Hastings is a neighbourhood of Central Kolkata in Kolkata district in the Indian state of West Bengal.

History

Hastings is an area in Central Kolkata between the Maidan and the Hooghly River. The area named after Warren Hastings, who was the first Governor-General of Bengal then the whole of India from 1772 to 1785.

The Hastings area was initially a Muslim burial ground, then became ‘Coolie Bazar’ for workmen who built Fort William and finally turned into a township for the Ordnance and Commissariat department people.

This was originally the military area of the city and several landmarks remain including Fort William, the Lascar War Memorial and the Ordnance Club, as well as the Race Course. In 1855, a Church Hastings Chapel, Kolkata was built there for the officers of the East India Company.

In 1888, one of the 25 newly organized police section houses was located in Hastings.

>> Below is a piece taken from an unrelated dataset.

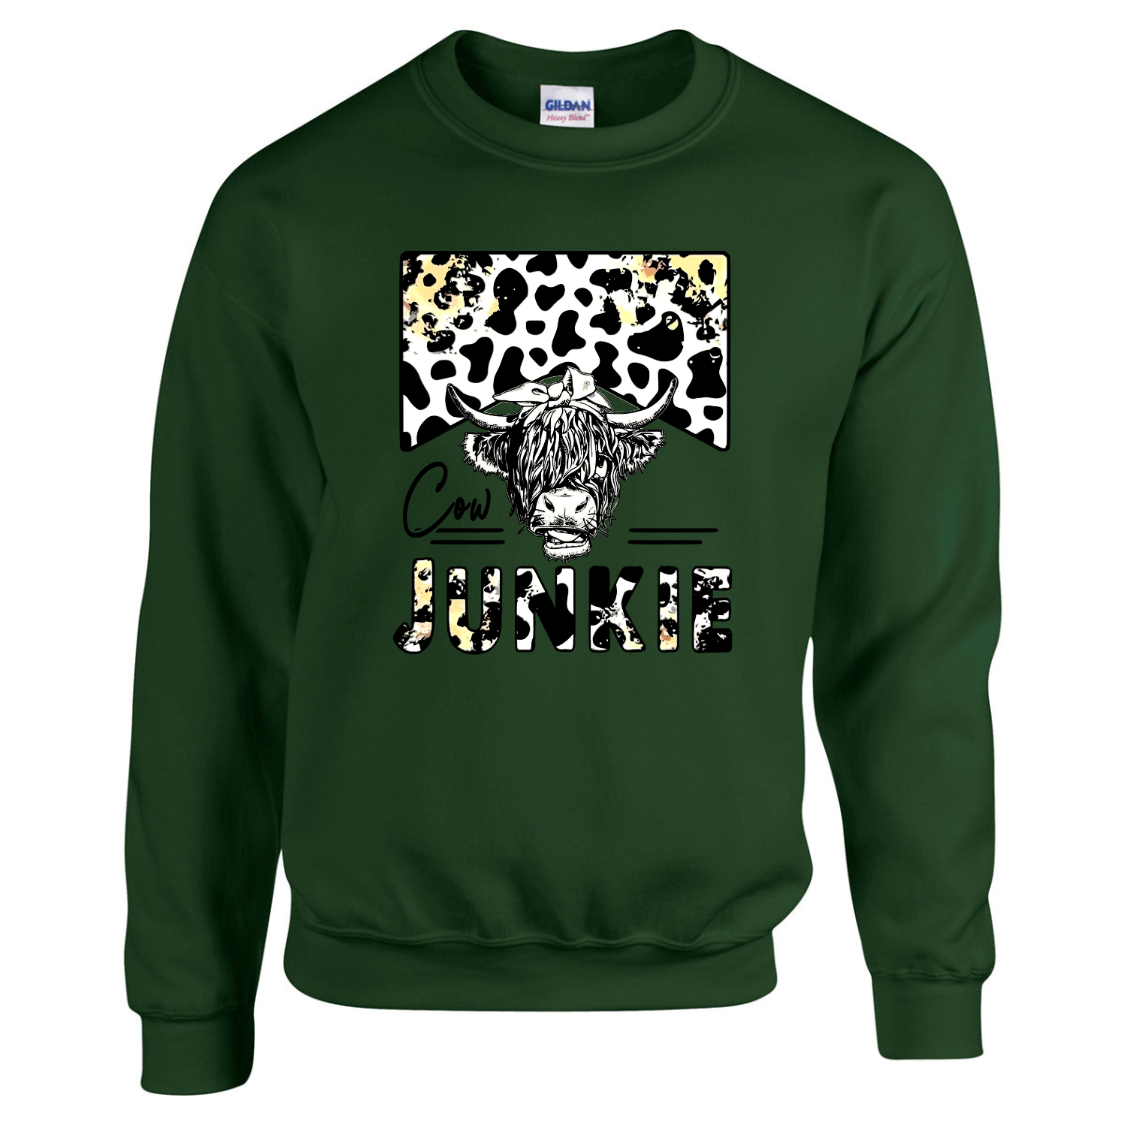 Cow Junkie Highland Cow Sweatshirt: Western Graphic, Unique Style

This is also where one of the city’s major thoroughfares feeds onto Vidyasagar Setu, the impressive suspension bridge crossing the Hooghly River which was completed in 1992.

Geography

Police district
Hastings police station is part of the South division of Kolkata Police. It is located at 5, Middle Road, Kolkata-700022.

Tollygunge Womens police station has jurisdiction over all the police districts in the South Division, i.e. Park Street, Shakespeare Sarani, Alipore, Hastings, Maidan, Bhowanipore, Kalighat, Tollygunge, Charu Market, New Alipur and Chetla.

Transport

Road

Train
Prinsep Ghat railway station and Eden Gardens railway station on Kolkata Circular Railway line are the nearest railway stations.